THIS OPINION HAS NO PRECEDENTIAL VALUE. IT SHOULD NOT BE CITED OR RELIED ON AS PRECEDENT IN ANY PROCEEDING EXCEPT AS PROVIDED BY RULE 268(d)(2), SCACR.
THE STATE OF
In The Court of Appeals
Helen Ann Mozingo, as Personal Representative of the Estate of Junious Hoyt Stewart, deceased, Appellant,
Ford Motor Company, Horne Ford, Inc., Autoliv, Inc., Autoliv North America, Inc., Autoliv Electronics America, Inc., Autoliv ASP, Inc., and Visteon Corporation, Defendants,
Of which Visteon Corporation is, Respondent.
Appeal From Florence
Thomas A. Russo, Circuit Court Judge
Heard April 23, 2009 – Filed June 4, 2009
J. Edward Bell, III, of Georgetown and Rodney C. Jernigan, Jr., of Florence, for Appellant.
James H. Elliot, Jr., of Charleston, for Respondent.
PER CURIAM: In this wrongful death and survivor action, Helen Ann Mozingo appeals the grant of summary judgment in favor of Visteon Corporation (Visteon) arguing the trial court erred in finding Visteon was not a successor corporation to Ford.

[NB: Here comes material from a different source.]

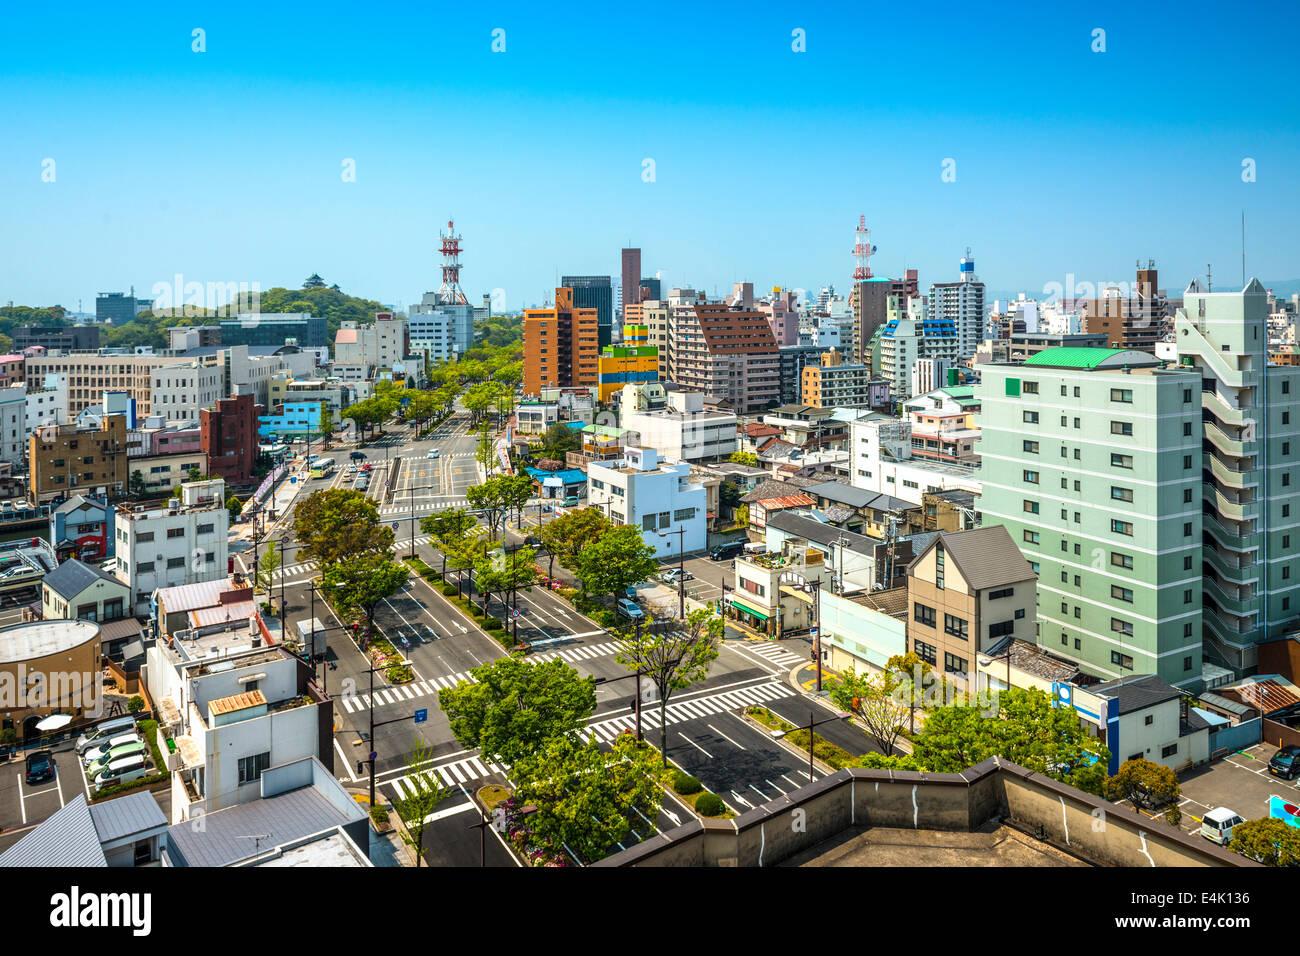 Wakayama City, Wakayama, Japan cityscape. - Stock Image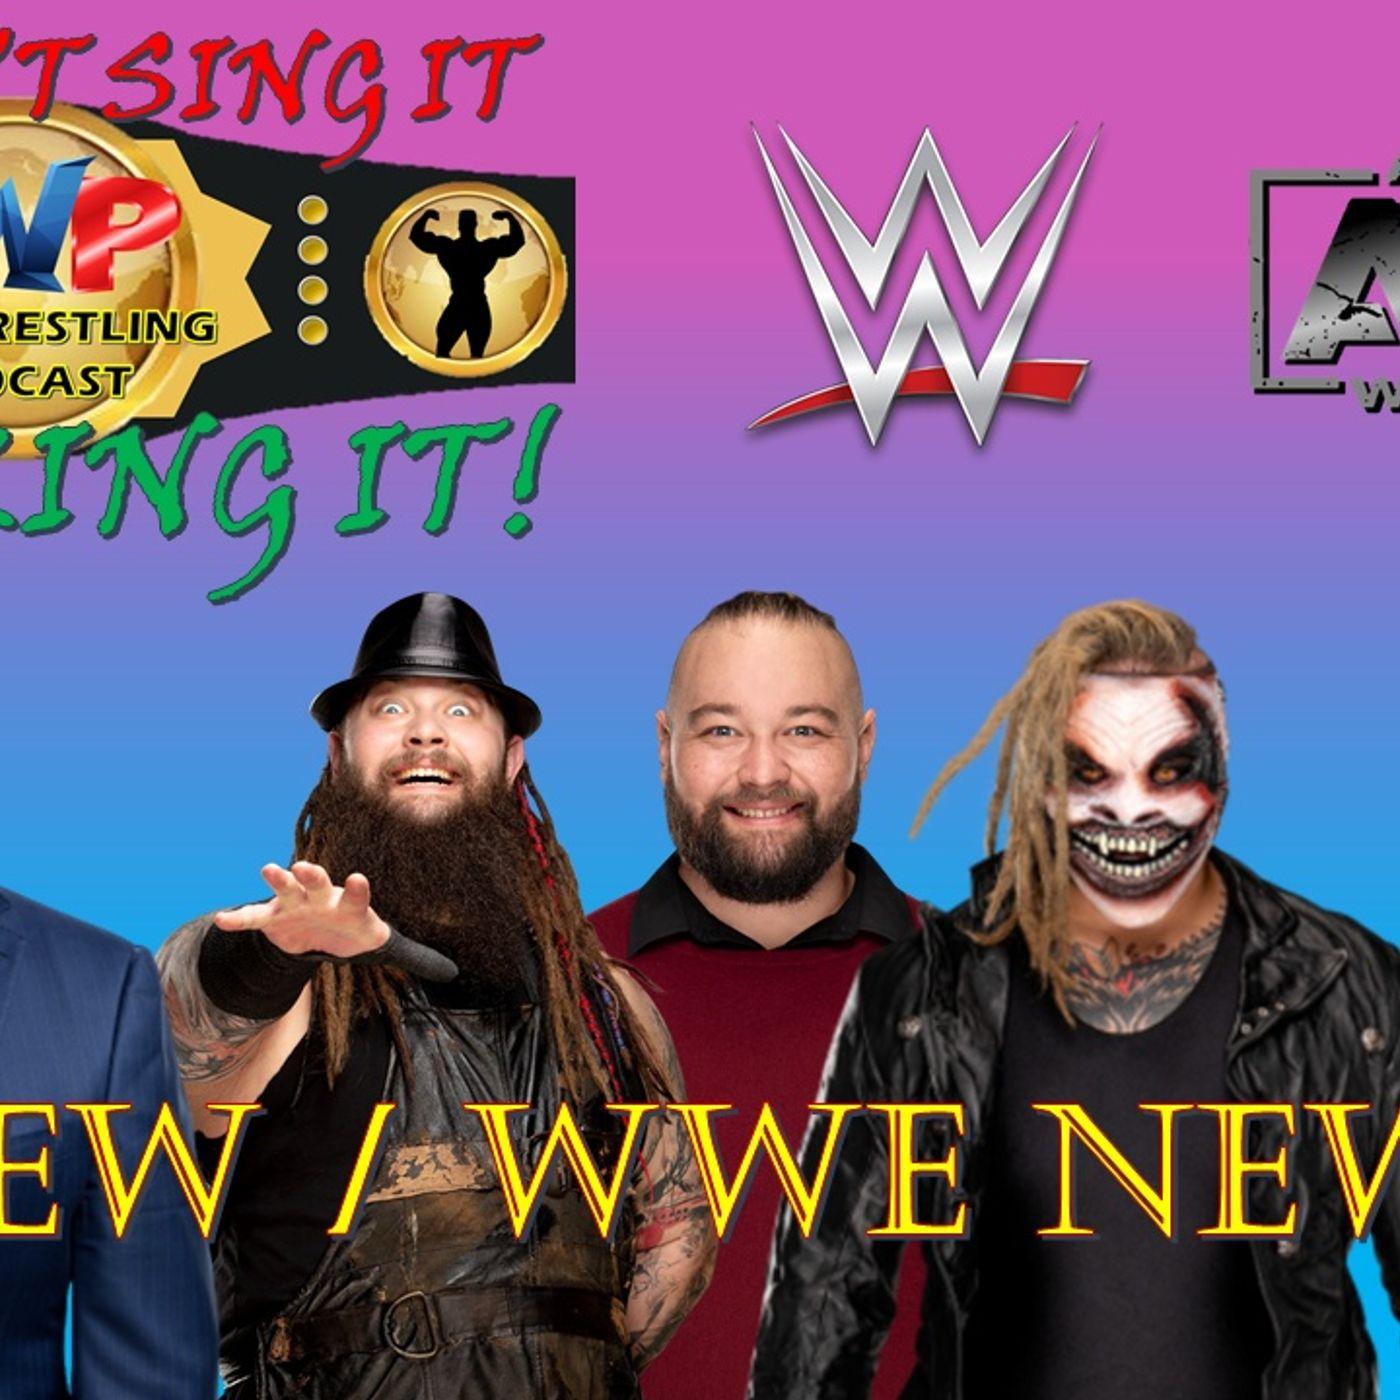 Is Vince McMahon Killing WWE? AEW / WWE News

Specifically, while Visteon as a separate entity was not in existence at the time the vehicle was manufactured, Mozingo asserts Visteon's SEC Registration Statement and Master Transfer Agreement (MTA) evidenced an assumption of liability for component parts supplied to Ford and installed in 1997 and later year model Ford vehicles. We affirm pursuant to Rule 220(b)(2).
As to whether the Registration Statement and MTA created a genuine issue of fact on the successor corporation claim, summary judgment was appropriate as neither the Registration Statement nor the MTA were submitted to the court prior to or at the summary judgment hearing. See West v. Gladney, 341 S.C. 127, 135, 533 S.E.2d 334, 338 (Ct. App. 2000) (affirming summary judgment where statement of fact presented only in attorney's argument would not be considered by the court in determining whether a genuine issue of material fact exists sufficient to preclude summary judgment). Moreover, while the Registration Statement was submitted after the hearing as an exhibit with the Rule 59(e) motion, a party cannot use Rule 59(e) to present new evidence to the court. See Brailsford v. Brailsford, 380 S.C. 443, 448, 669 S.E.2d 342, 345 (Ct. App. 2008) (holding issue is not preserved for appeal where it was never presented to the trial court prior to the filing of the motion to alter or amend); Eaddy v. Oliver, 345 S.C. 39, 44, 545 S.E.2d 830, 833 (Ct. App. 2001) (a party cannot for the first time raise an issue by way of a Rule 59(e) motion which could have been raised at trial).
Notwithstanding, even if we were to consider the untimely Registration Statement and MTA, summary judgment would still be appropriate as the provisions cited by Mozingo evidence, at most, a mere indemnification agreement between Ford and Visteon for auto parts. Likewise, while the existence of an agreement to assume the debts of the predecessor or selling company is an exception to the general rule of nonliability, Visteon's willingness to assume liability to Ford for auto parts is not analogous to being a successor corporation to Ford. See Simmons v. Mark Lift Indus., Inc., 366 S.C. 308, 312, 622 S.E.2d 213, 215 (2005) (stating in the absence of a statute, a successor or purchasing company ordinarily is not liable for the debts of a predecessor or selling company under a theory of successor liability unless: (1) there was an agreement to assume the debts of the predecessor or selling company; (2) the circumstances surrounding the transaction warrant a finding of a consolidation or merger of the two corporations; (3) the successor company was a mere continuation of the predecessor; or (4) the transaction was entered into fraudulently for the purpose of wrongfully defeating creditors' claims) (citing Brown v. Am. Ry. Express Co., 128 S.C. 428, 123 S.E. 97 (1924)). The record is simply insufficient to establish any basis upon which to classify Visteon as a successor corporation to Ford. Moreover, Mozingo does not challenge the trial court's additional finding that Visteon cannot be liable under an independent products liability theory since Visteon did not manufacture the vehicle; thus, this finding is the law of the case. See Charleston Lumber Co., Inc. v. Miller Hous. Corp., 338 S.C. 171, 175, 525 S.E.2d 869, 871 (2000) (stating an unchallenged ruling, right or wrong, is the law of this case).
Accordingly, the order of the circuit court is
HEARN, C.J., PIEPER, and LOCKEMY, JJ., concur.